# Aorus to launch laptops in India.



## seamon (Nov 28, 2014)

> X7 Pro Launch Schedule updated!
> 
> Available: Singapore, Taiwan
> 
> ...



Source


----------



## SaiyanGoku (Nov 28, 2014)

The Good: Great config and design
The Bad: Will be close to 200k 
The Ugly: Noobs will still buy Alienware 14 with GTX 765M @ 150k


----------



## $hadow (Nov 28, 2014)

OOOO boy but buying these will still be a dream coz of these laptops insane pricing.


----------



## Vyom (Nov 30, 2014)

What are the specs?

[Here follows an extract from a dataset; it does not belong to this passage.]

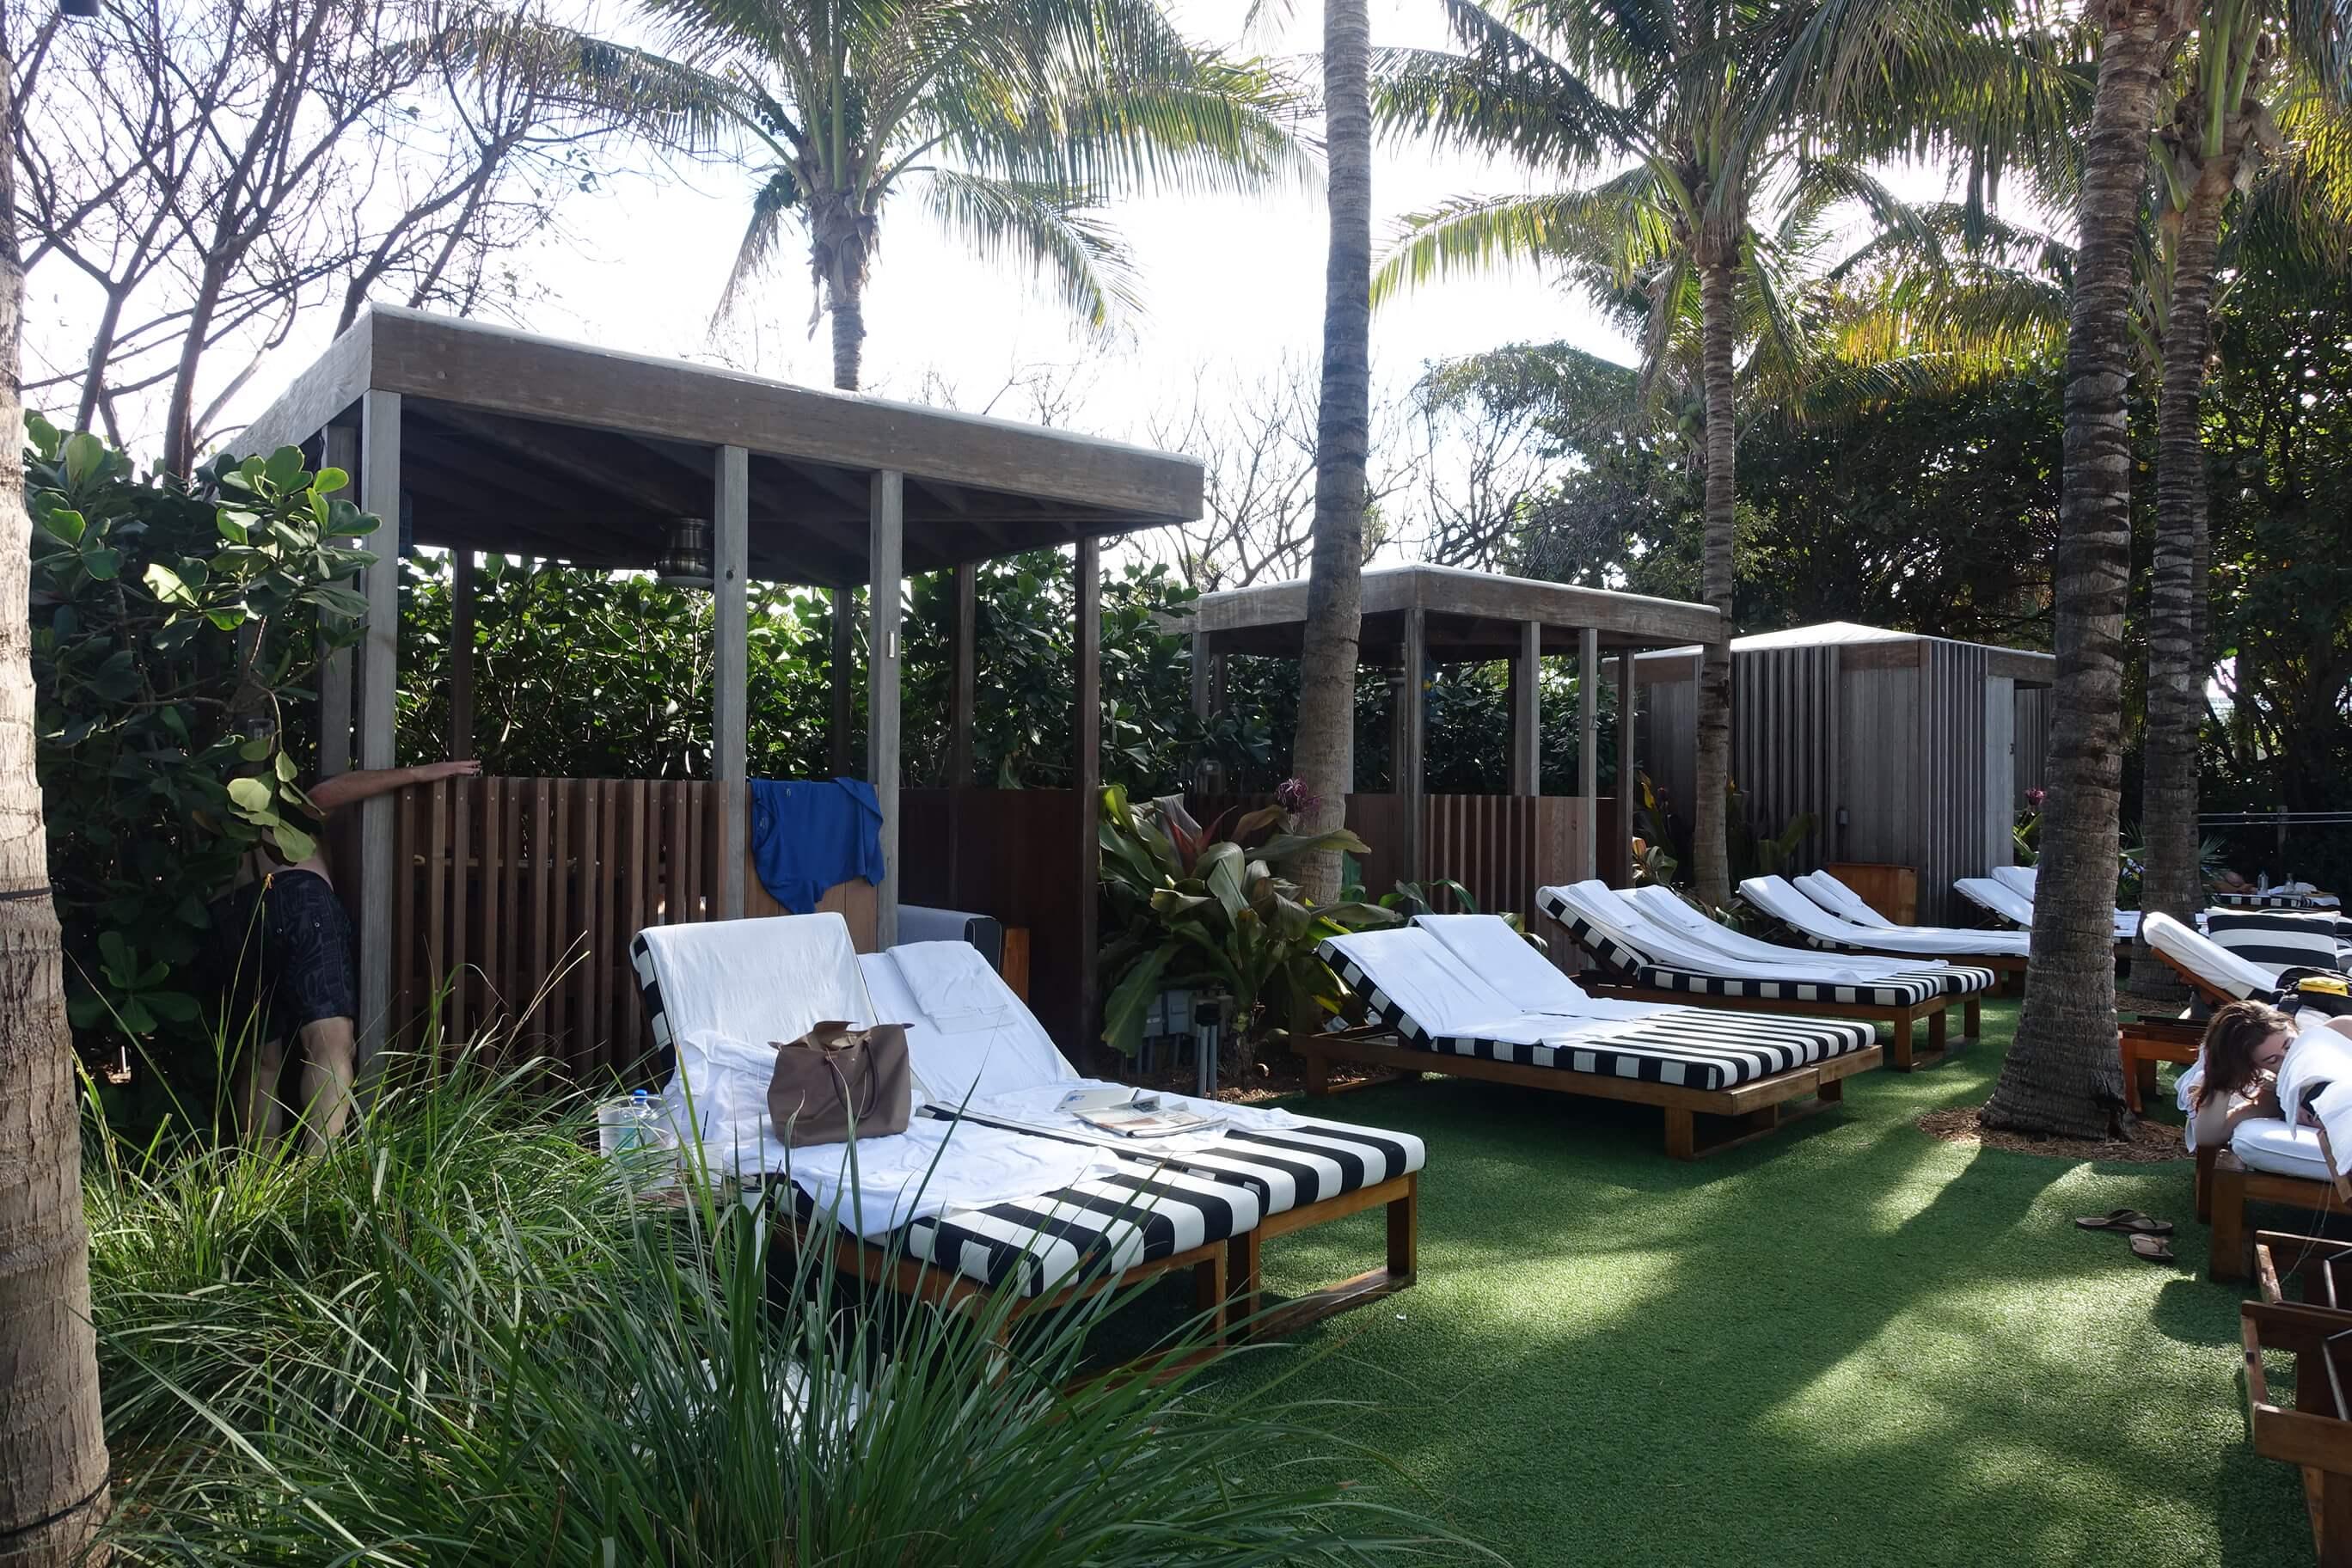 guide hotels gardens deals top vicinity garden cheap hotel desktopretina and in london c miami travel
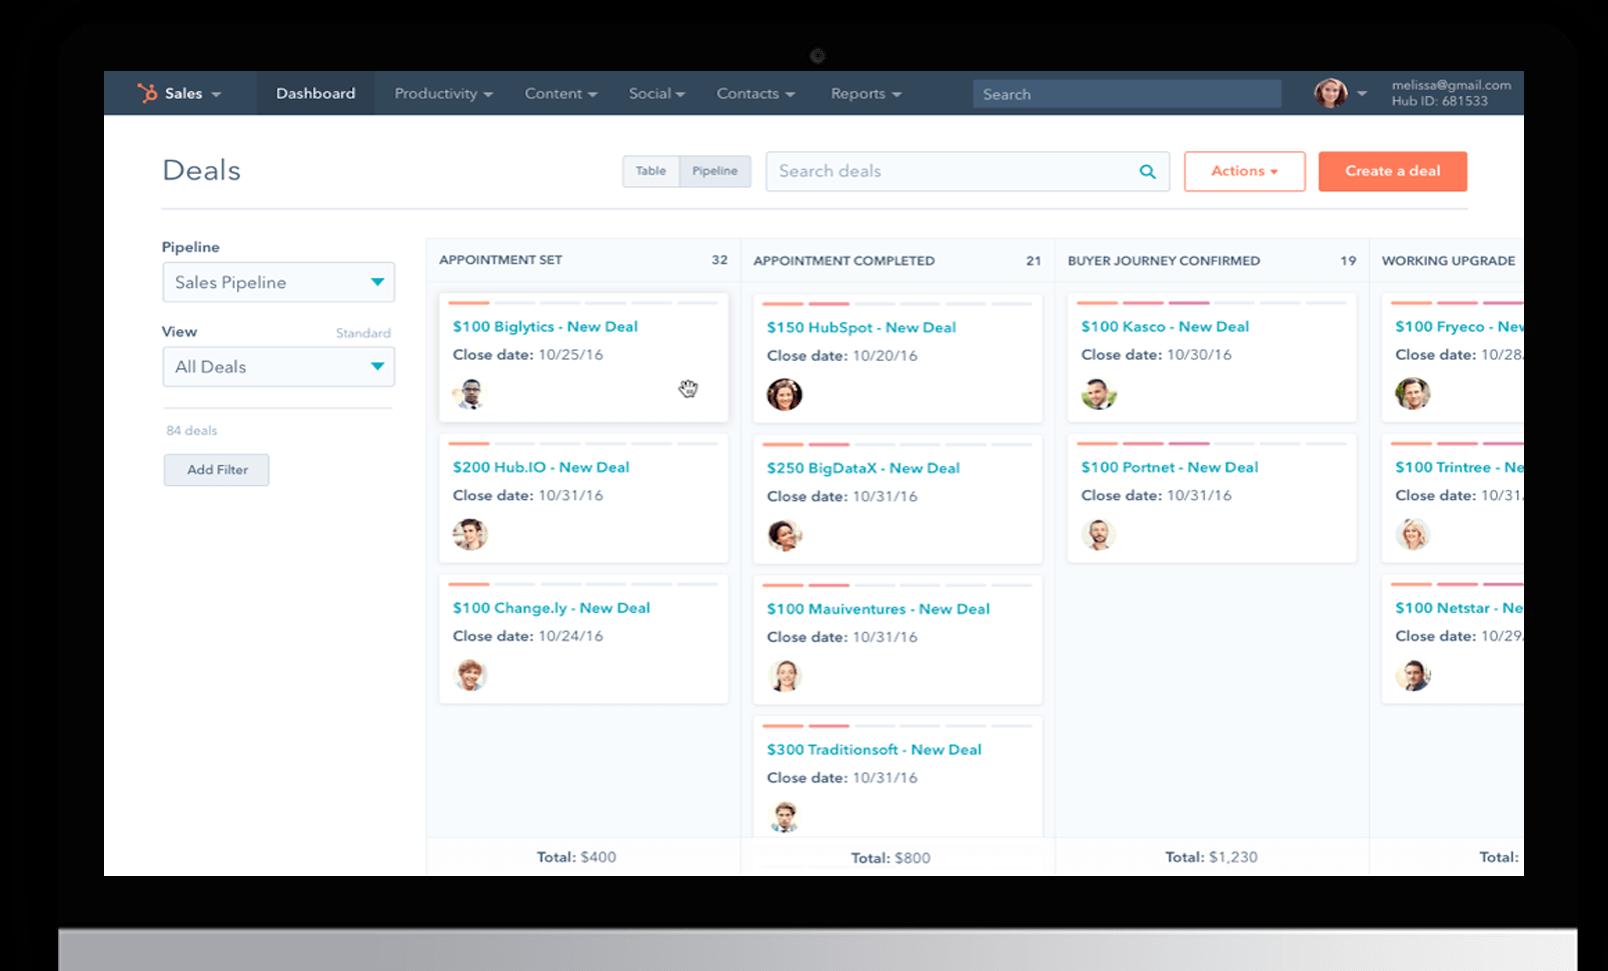 HubSpot CRM Deal Dashboard, HubSpot CRM Dashboard | Alycom Business Solutions

Someone please update this thread with them.


----------



## seamon (Nov 30, 2014)

Specs:
CPU=core i7 4870HQ(2.5-3.7Ghz)
GPU=GTX 970m SLI 3GB. More powerful than desktop GTX 980.
RAM= upto 32 GB 1866Mhz DDR3. Factory OCed. COmes with Ballistrix Ram.
Screen=17.3" FHD TN panel.
Storage:1 2.5" slot and 3 mSATA SSD slots with Raid 0.


----------



## $hadow (Nov 30, 2014)

So that is basically a desktop replacement at a most probably twice of a desktop cost.


----------



## seamon (Dec 1, 2014)

$hadow said:


> So that is basically a desktop replacement at a most probably twice of a desktop cost.



Actually it's quite the opposite. It's the thinnest and most portable 17.3" laptop. It's under one inch thick and almost as heavy as the Y510p.


----------



## $hadow (Dec 1, 2014)

seamon said:


> Actually it's quite the opposite. It's the thinnest and most portable 17.3" laptop. It's under one inch thick and almost as heavy as the Y510p.



Now that is interesting. Since a 17.3'' is one hell of a lot big size some times I consider my 15.6'' huge for normal call work but yeah I would love to see some new type of cooling mechanism in this beast.


----------



## rhyansy (Dec 1, 2014)

Interesting if Gigabyte will really realize Aorus to India. Really kudos to those folks.


----------



## Ironman (Dec 1, 2014)

Pricing will force People to be reluctant !


----------



## seamon (Dec 1, 2014)

^It'll be more powerful than any other laptop in the Indian market right now.


----------